Trapped in the Tactical

Image by Christopher Windus on Unsplash

Recently I wrote some thoughts stimulated by my reading of Matthew Kelly’s The Dream Manager. I wrote about the importance of reconnecting with our dreams:

Most of us are foolish with our future, saying things like, I have too… or I must…, or this won’t work, it never does. This is the language of the crowd-followers, of foolish victims. Sometimes we are disappointed, so we would rather not dream than be disappointed.
Instead, we wake up and realise that we have choices.

Essentially this is about living in hope and exercising our freedom to realise our dreams.

A member of my family reflected on how they felt trapped by the tactical moves in life, always seeming to repeat patterns. How could they live more strategically? And was this even a legitimate question? Like me, they are what Marianne Cantwell would describe as a “free-range human,” with a large discretion over how they use their time. One of the burdens of this is that we now need to consider what are our goals. We do not have a corporate employer who decides our working goals for us. We need to lead ourselves. There is a danger in the near-horizon survival routine. We work on our routine, simplifying it, optimising it. This is how we wake up to find ourselves in a rut. 

If you will, we shorten ROUTINE into RUT.

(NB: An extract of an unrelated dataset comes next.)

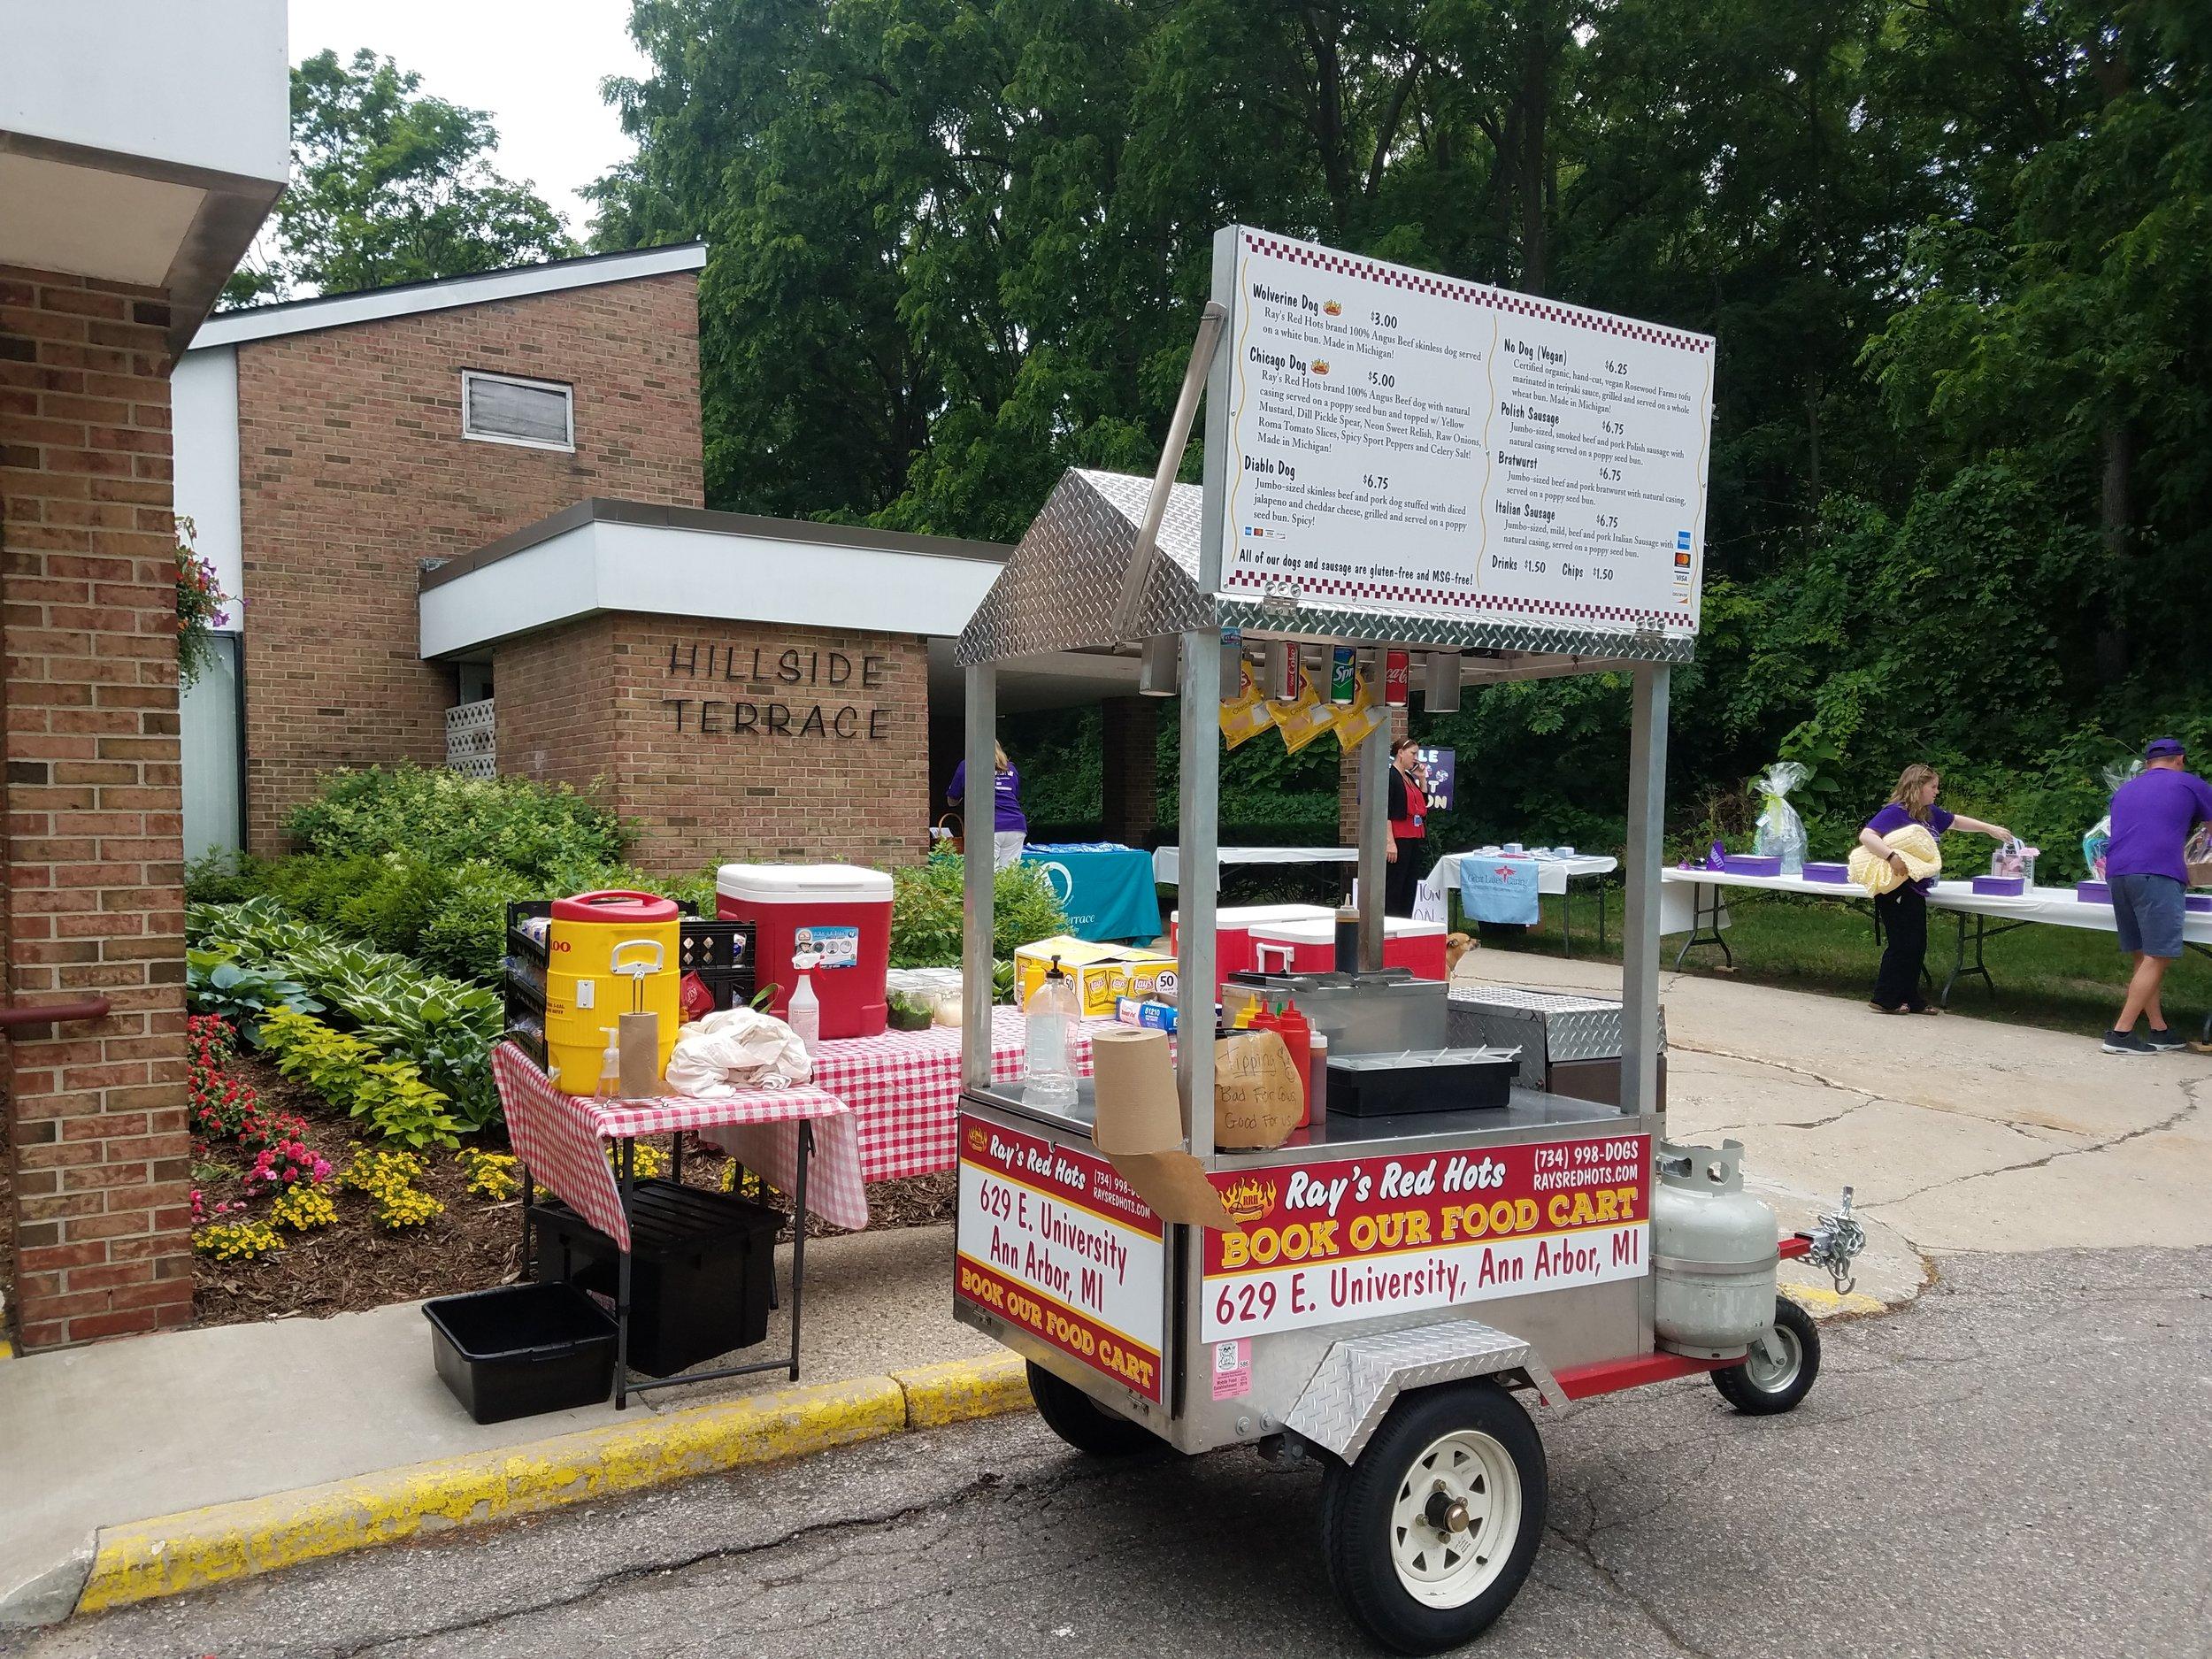 2018 Alzheimer's benefit at Hillside Terrace Retirement Community in Ann Arbor.

We need to dream. Daring to dream is giving ourselves permission to think the outrageously wonderful as if it were a possibility. Slaves do not need imagination. We do. We need to imagine a better future, better outcomes, for ourselves and those we care about. Suddenly, it begins to galvanise us, motivating us to achieve great things.

We need to dream. Yet dreams do not come instantly. For some of us, dreaming comes relatively easily. The world is full of possibilities for us. 

A friend of mine wanted to take a college course as an adult. She started with a night school course that lasted ten weeks. Towards the end of this course,t she found herself dreaming of going back to college and taking a full Bachelors course at University. She allowed herself to ask, “What if…?”

She went on to take a degree with the UK’s Open University, thoroughly enjoyed it and graduated. It opened up more possibilities and dreams for her. Now she is enjoying a fulfilling career as a teacher. 
Did my friend leap to that dream in one go? No. Dream bred dreams. Achievement bred ambition.  

She started small. It didn’t seem small to her. With hindsight, it was.

My recommendation is to start with more modest outcomes and work towards them. Think about a good outcome, that might be different, but better, more desirable.  Then take the first step towards that. Then, take the next one.

Don’t be surprised if you find your dream too small as you begin to realise it. You might very well find that you want to go for a bigger dream. Here’s the clue: moving towards a dream begins to multiply our dreaming. This is healthy self-leadership.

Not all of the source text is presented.